Sarah Palin’s accent
Posted by japanstats on 2008 October 2日 Thursday
Sarah Palin’s accent is apparently causing some debate (well, any detail about the candidates in the US election seems to cause debate in the uber-fishbowl media coverage). Anyways, I found this interesting. Geographically, the some Canadian influence seems natural enough. But with Alaska having being settled by people from various parts of the States, it wouldn’t be surprising if it compared similarly to Hokkaido Japanese, a northern island that was settled fairly recently in Japanese history. The hockey mom thing about Palin’s kinda fun too, but with the realistic chance of McCain croaking while in the Oval Office, the creation of ultra-inexperienced President Palin is a very real threat that, I’m sure, no one outside of GOP wants to see.

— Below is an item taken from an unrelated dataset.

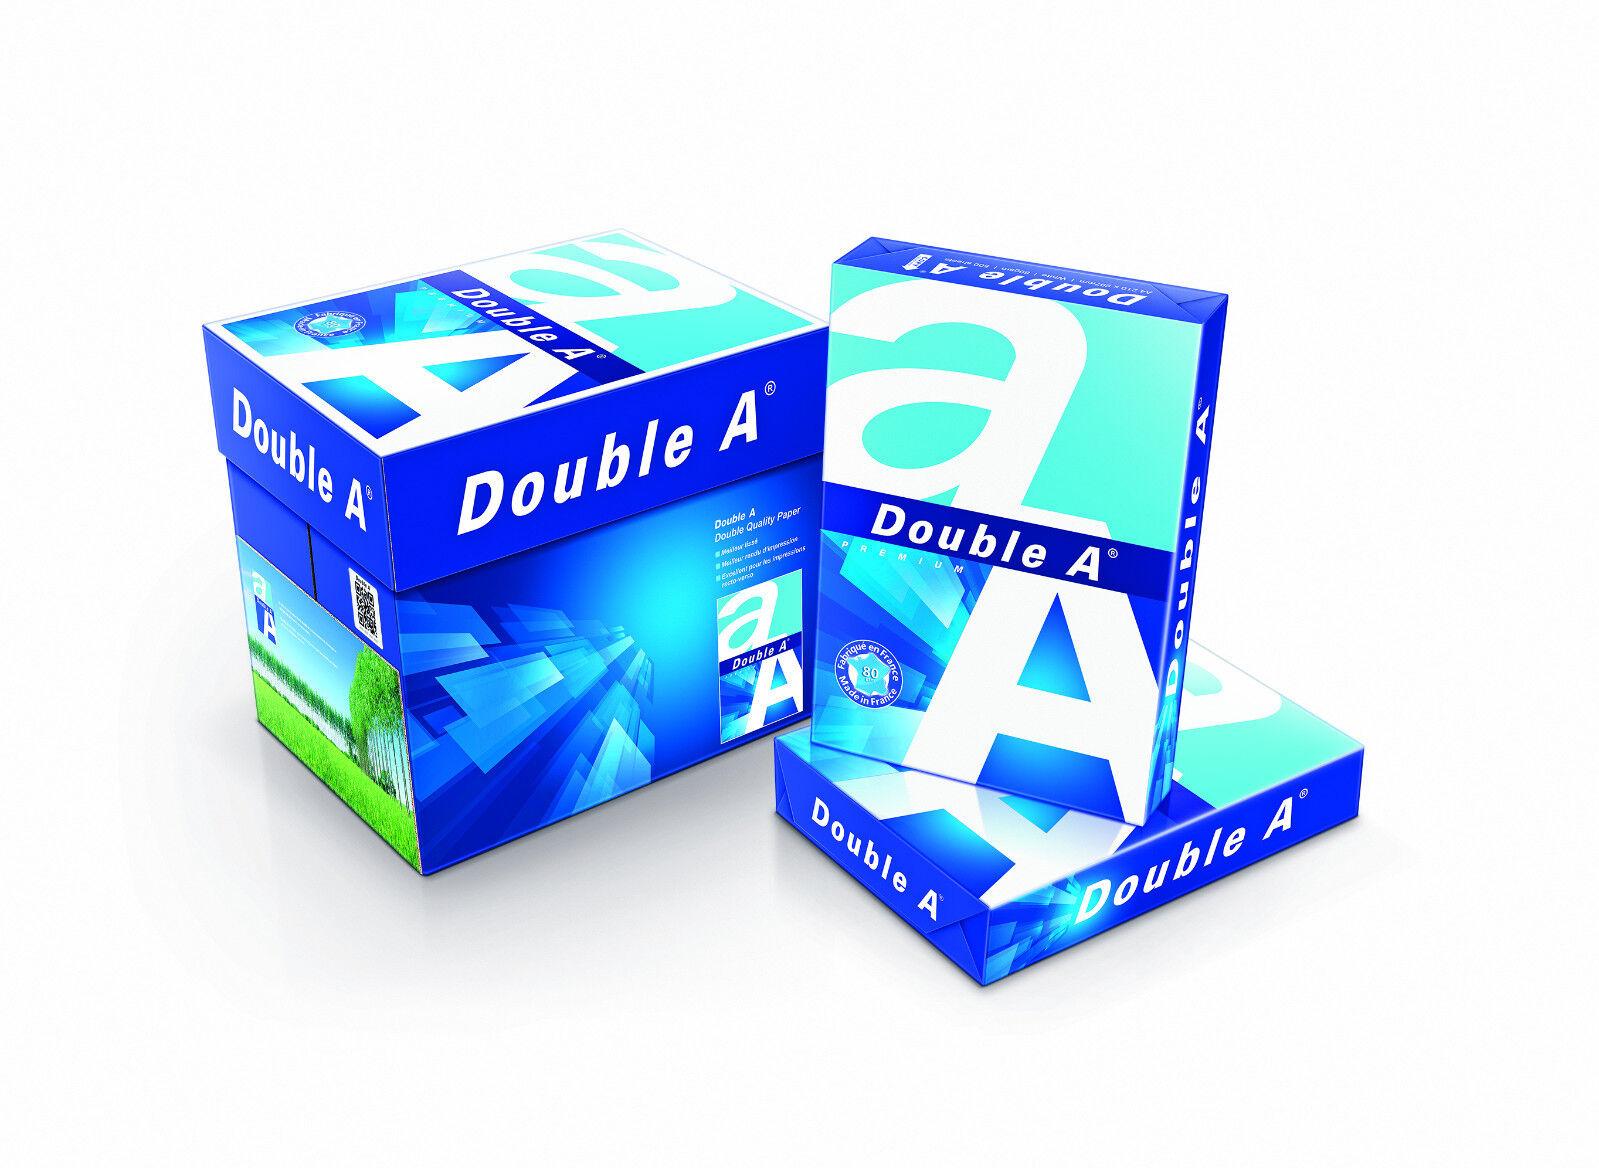 Double A 80g m² Premium Papier Universalpapier DIN A4 DoubleA weiß Kopierpapier | Sonderaktionen zum Jahresende  | Offizielle Webseite

Many Alaska residents came from the Pacific Northwest or Western Canada, and features of the dialects of these regions are the most prominent in Alaskan English. Alaskan English even has a certain amount of “Canadian raising,” the sound change that makes a Canadian about sound something like a boot. There are also a significant number of immigrants from the Midwest in Alaska, and they have contributed different elements to Alaskan speech. And in parts of Alaska, there is influence from Eskimo and Indian languages, though this is typically found only in people raised in native villages, and this speech is popularly associated with remote regions.